*EXERCISE BRIEF*:
Write out the listing from the line with "A220 Side Text Designed Tank Tops" to the line with "Support Police Cops", both lines included, exactly and nothing beyond. Leave pictures out.

*DATA FOR THE TASK*:

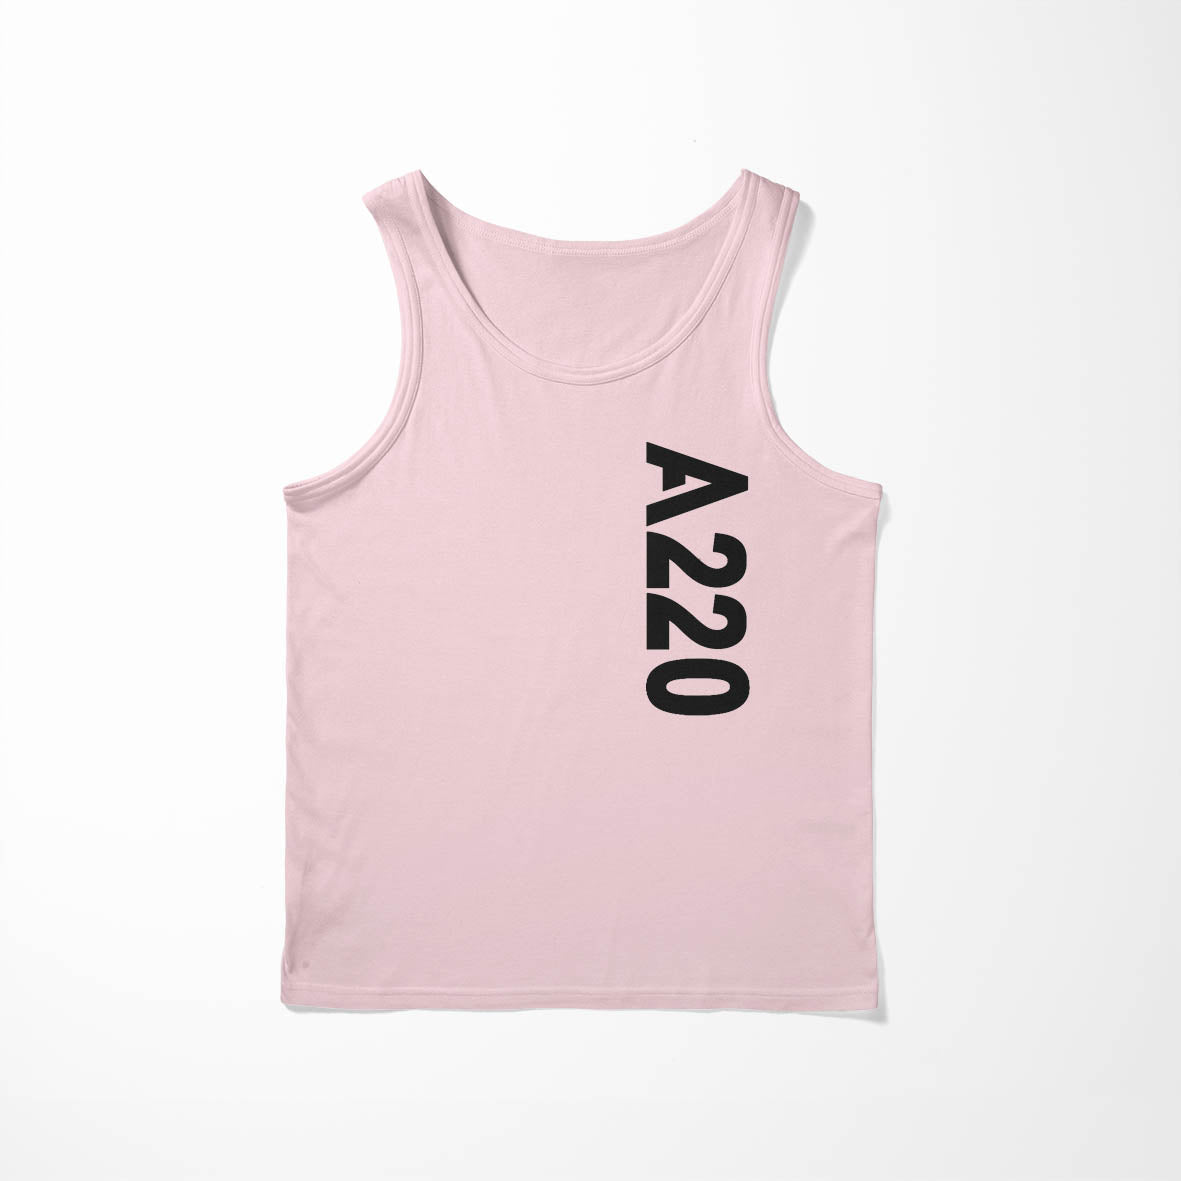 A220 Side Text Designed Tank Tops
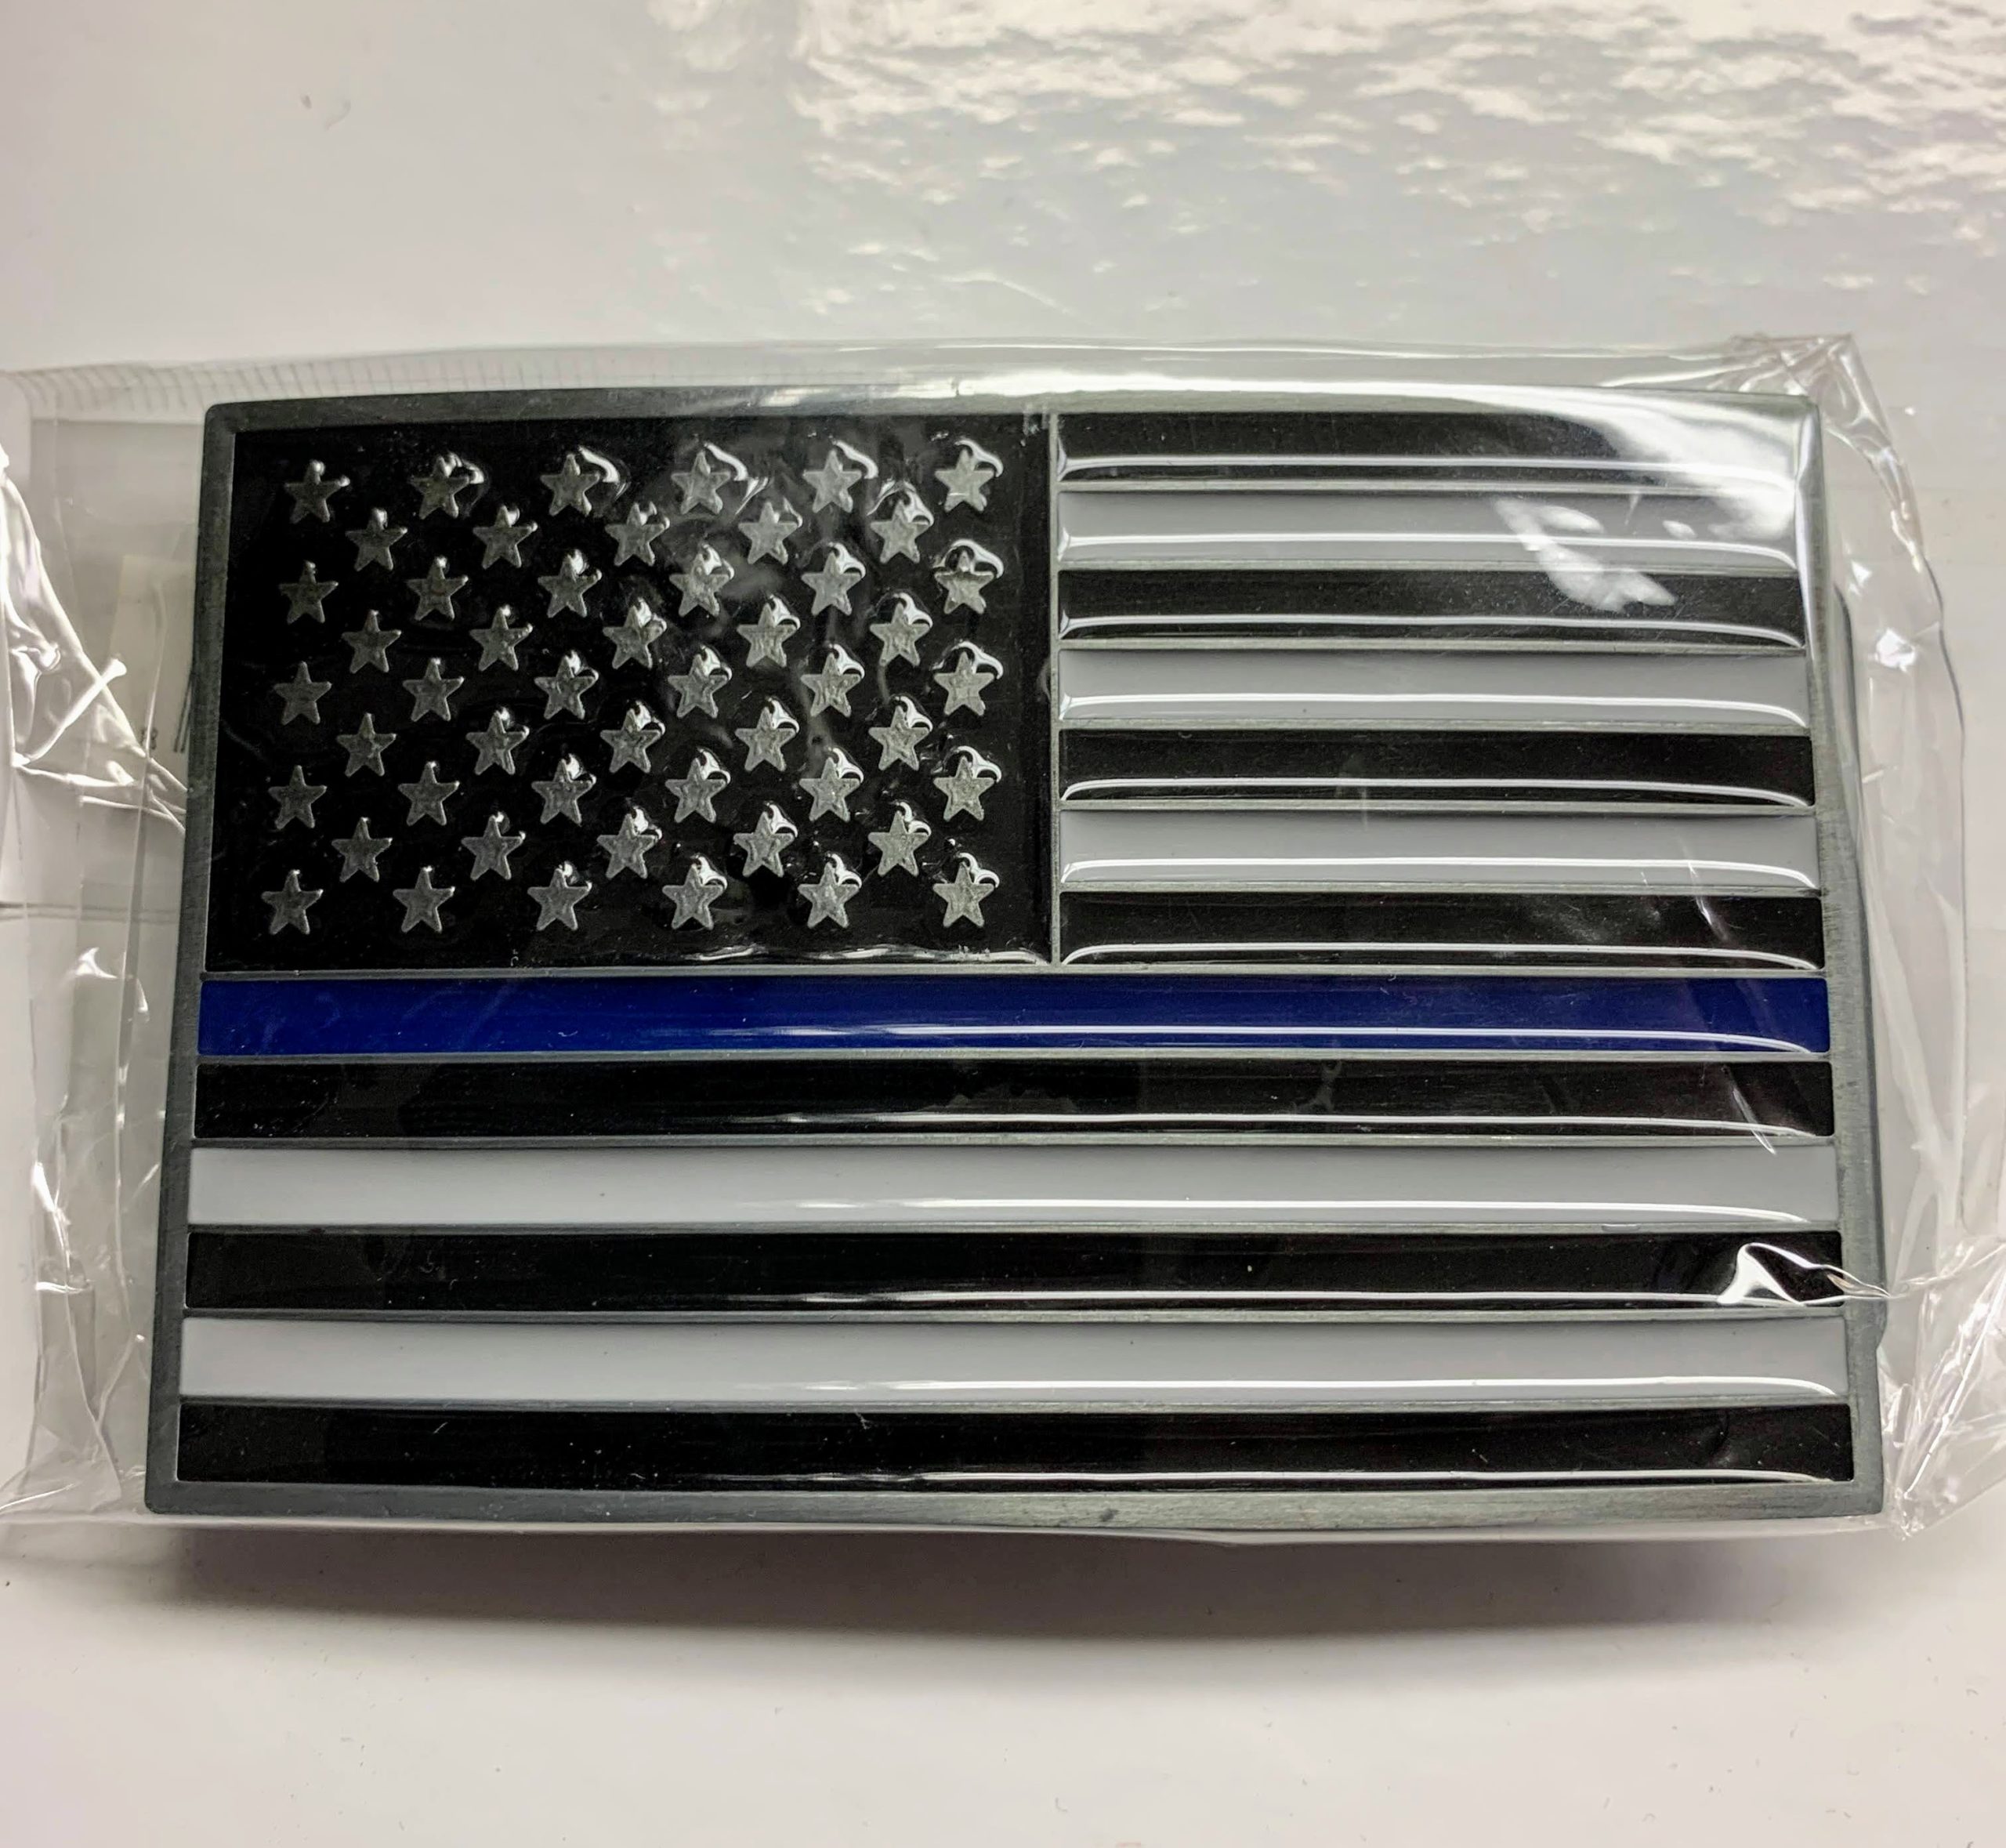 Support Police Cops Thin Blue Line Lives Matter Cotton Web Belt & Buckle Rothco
--
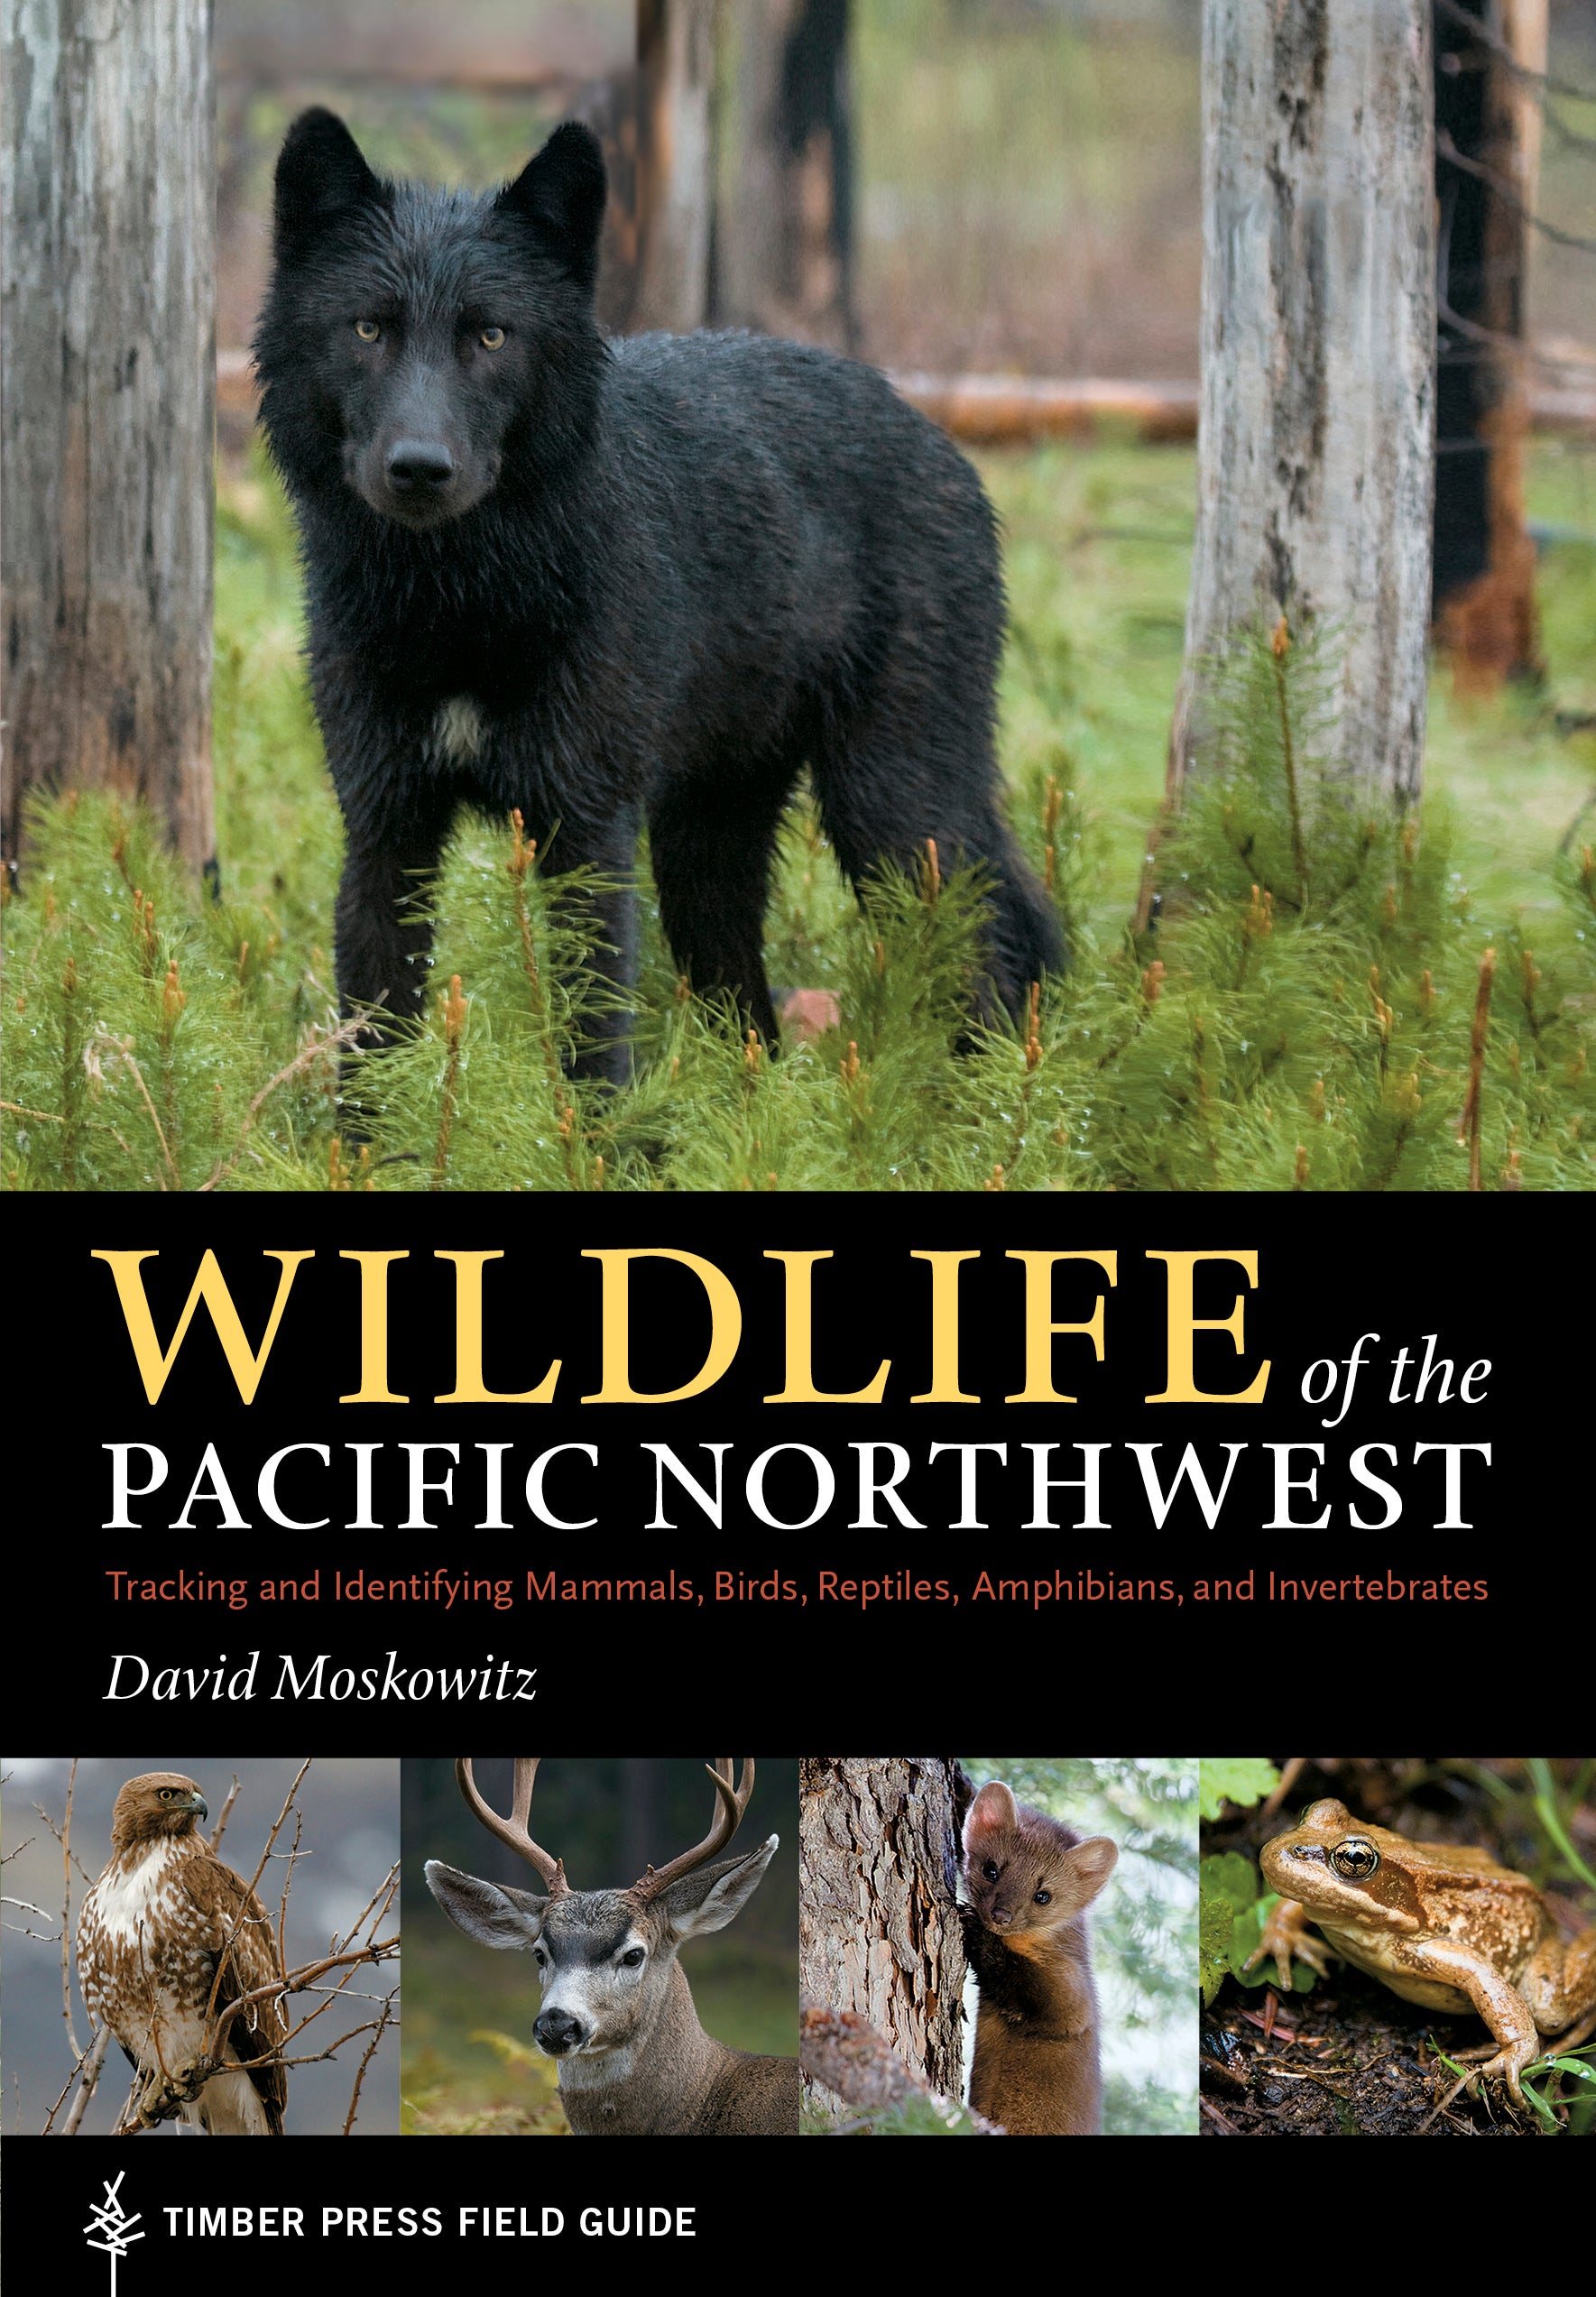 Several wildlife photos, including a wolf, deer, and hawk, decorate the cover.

*SOLUTION TO THE EXERCISE*:
 A220 Side Text Designed Tank Tops
 Support Police Cops Thin Blue Line Lives Matter Cotton Web Belt & Buckle Rothco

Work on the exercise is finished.